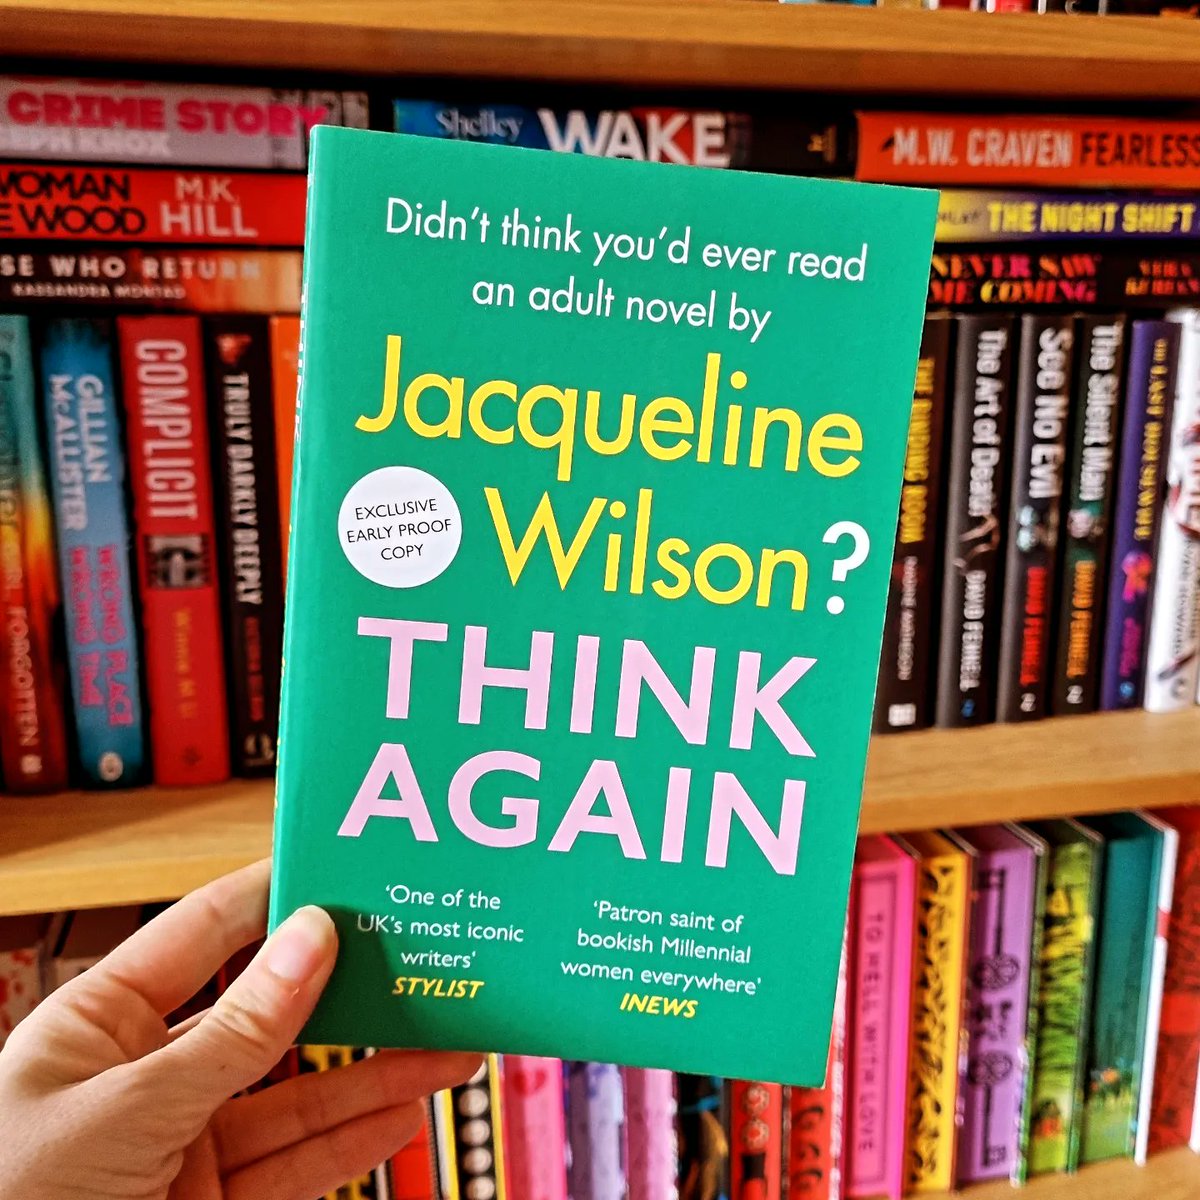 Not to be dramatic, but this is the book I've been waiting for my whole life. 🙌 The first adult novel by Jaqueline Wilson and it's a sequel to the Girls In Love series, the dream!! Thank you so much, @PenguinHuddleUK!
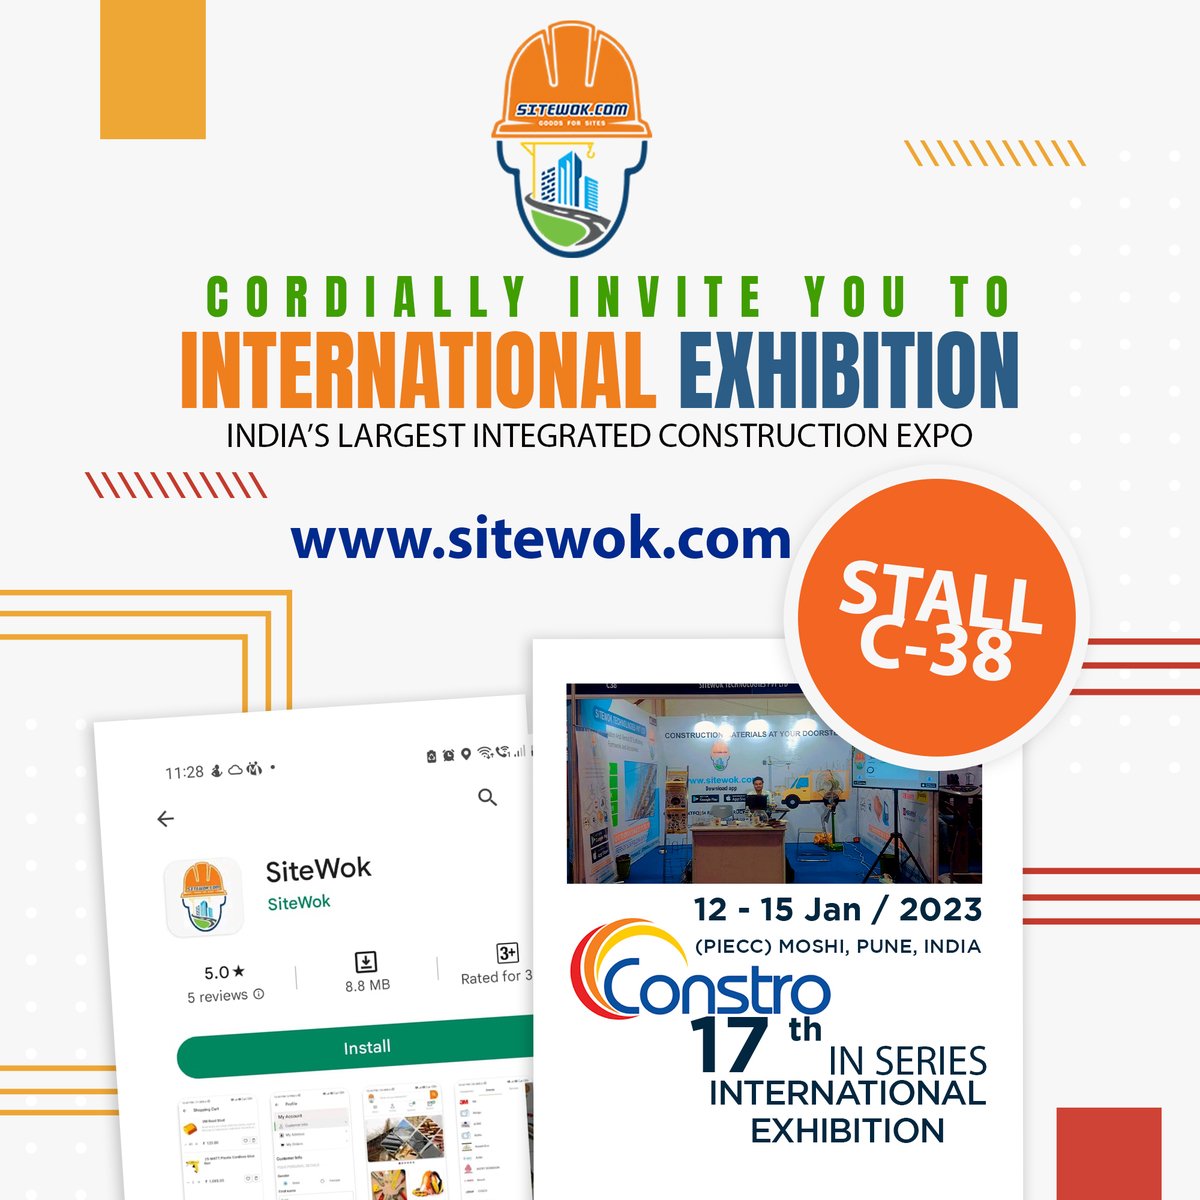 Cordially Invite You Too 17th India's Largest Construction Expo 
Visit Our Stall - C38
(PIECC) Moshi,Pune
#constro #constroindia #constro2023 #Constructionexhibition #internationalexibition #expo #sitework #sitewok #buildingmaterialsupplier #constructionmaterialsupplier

───

Exercise instructions
Leave out every picture, and write out exactly the lines from the one with "Cordially Invite You" through the end of the records above, both ends included.

Solution to this problem
 Cordially Invite You Too 17th India's Largest Construction Expo 
Visit Our Stall - C38
(PIECC) Moshi,Pune
#constro #constroindia #constro2023 #Constructionexhibition #internationalexibition #expo #sitework #sitewok #buildingmaterialsupplier #constructionmaterialsupplier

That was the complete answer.